This is CoffeeScript - franze
http://robots.thoughtbot.com/post/9251081564/coffeescript-spartan-javascript
======
Spyro7
I am a recent coffeescript convert. When I first heard about coffeescript I
dismissed it offhand as a pointless abstraction over javascript, which I
judged to already be a high level language. (In retrospect, I am ashamed to
say it, but I think that I found the syntax to be intimidating.) I then went
on to continue, happily, writing thousands of lines of javascript.

Somewhere along the way, I came across Paul Grahams essay "Succinctness is
Power" ( <http://www.paulgraham.com/power.html> ), and I thought about how my
productivity could be increased if I had access to a language that offered me
the ability to do more with less. That was when I decided to revisit
Coffeescript.

For my first task, I decided to rewrite some of my simpler javascript code
into Coffeescript just to get a feel for it. Initially, the things that had
initially repulsed me were somewhat irritating:

* The lack of parenthesis and brackets - I doubted that it would be possible to maintain code readability without them

* The reliance on indentation

* The overall "strangeness" of the appearance of coffeescript code (to someone with a predominantly java background)

Here's the thing though. All of those objections are only surface deep. Once I
actually started to code in Coffeescript, I found that I became completely
comfortable with the syntax.

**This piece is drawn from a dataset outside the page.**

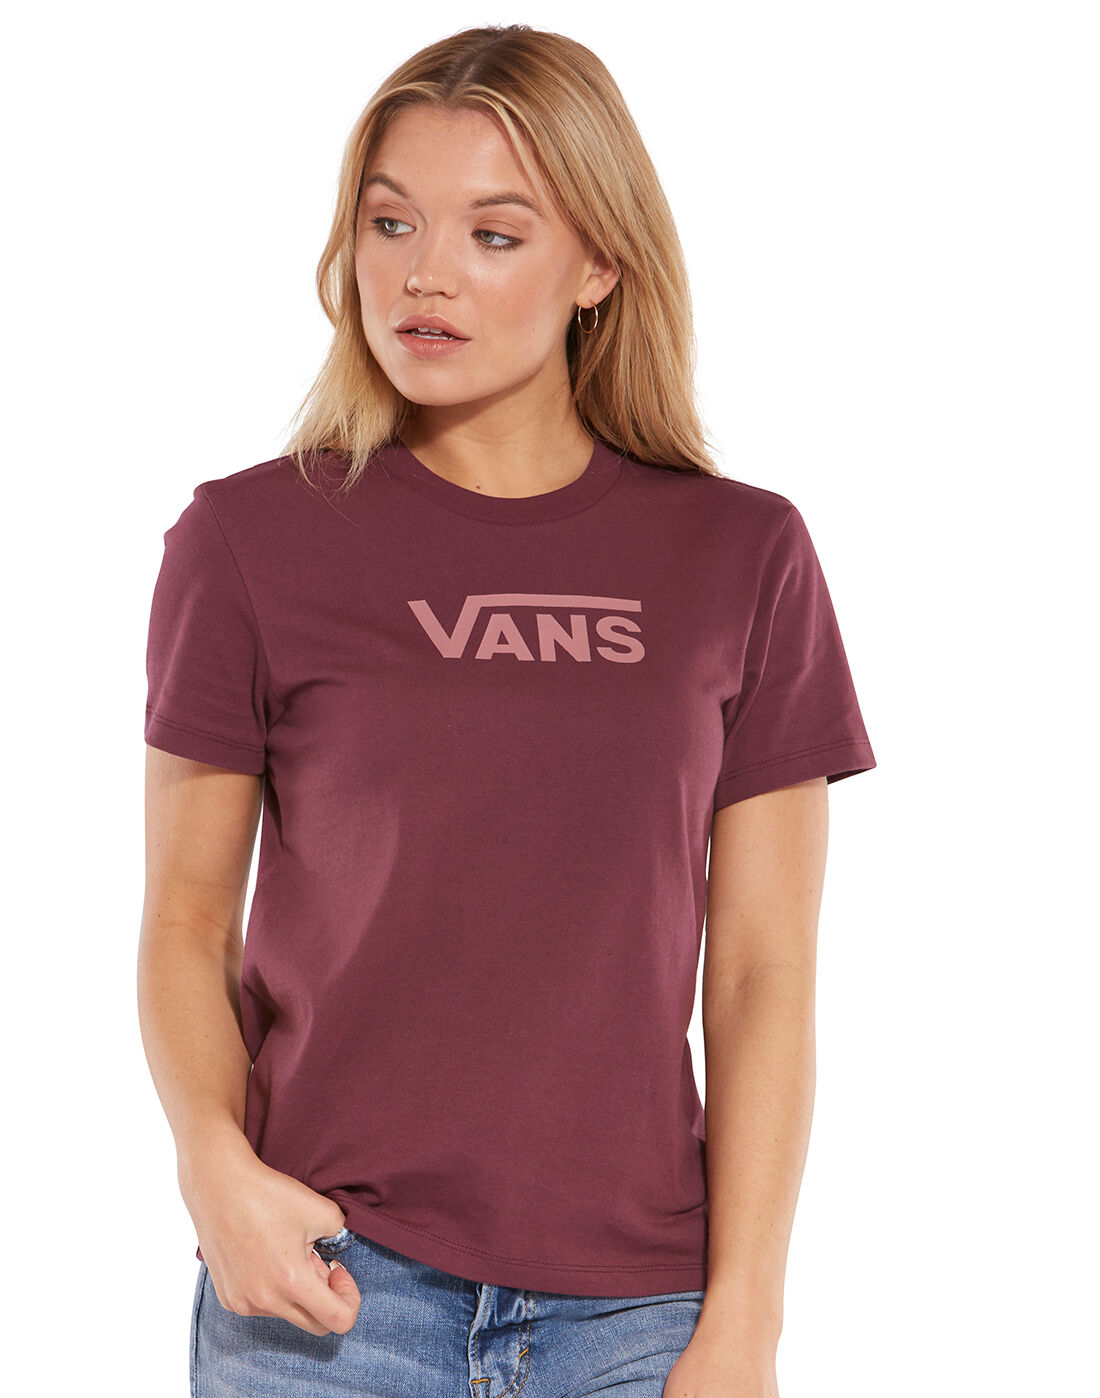 vans t shirt womens

As a matter of fact, I don't think that I could
ever go back to conventional javascript again. Especially because I would lose
(among other things):

* An elegant syntax for writing classes using javascript

* List comprehensions

* Elegant string interpolation (it's the little things that count)

It is easy to be skeptical about coffeescript if you natural lean away from
things that are surrounded by hype, but, take it from me, coffeescript really
is an extremely valuable tool that no web developer should be without. It is
more than just a way to write pretty javascript. It is a powerful, flexible,
and elegant language in its own right. Don't be turned off by its syntax, give
it a try today!

------
collint
"Just like JavaScript but nicer to type." was a decent pitch to make
CoffeeScript sound safe. But it's become so much more. And you get past the
simplicity of that pitch quickly if you use CoffeeScript earnestly.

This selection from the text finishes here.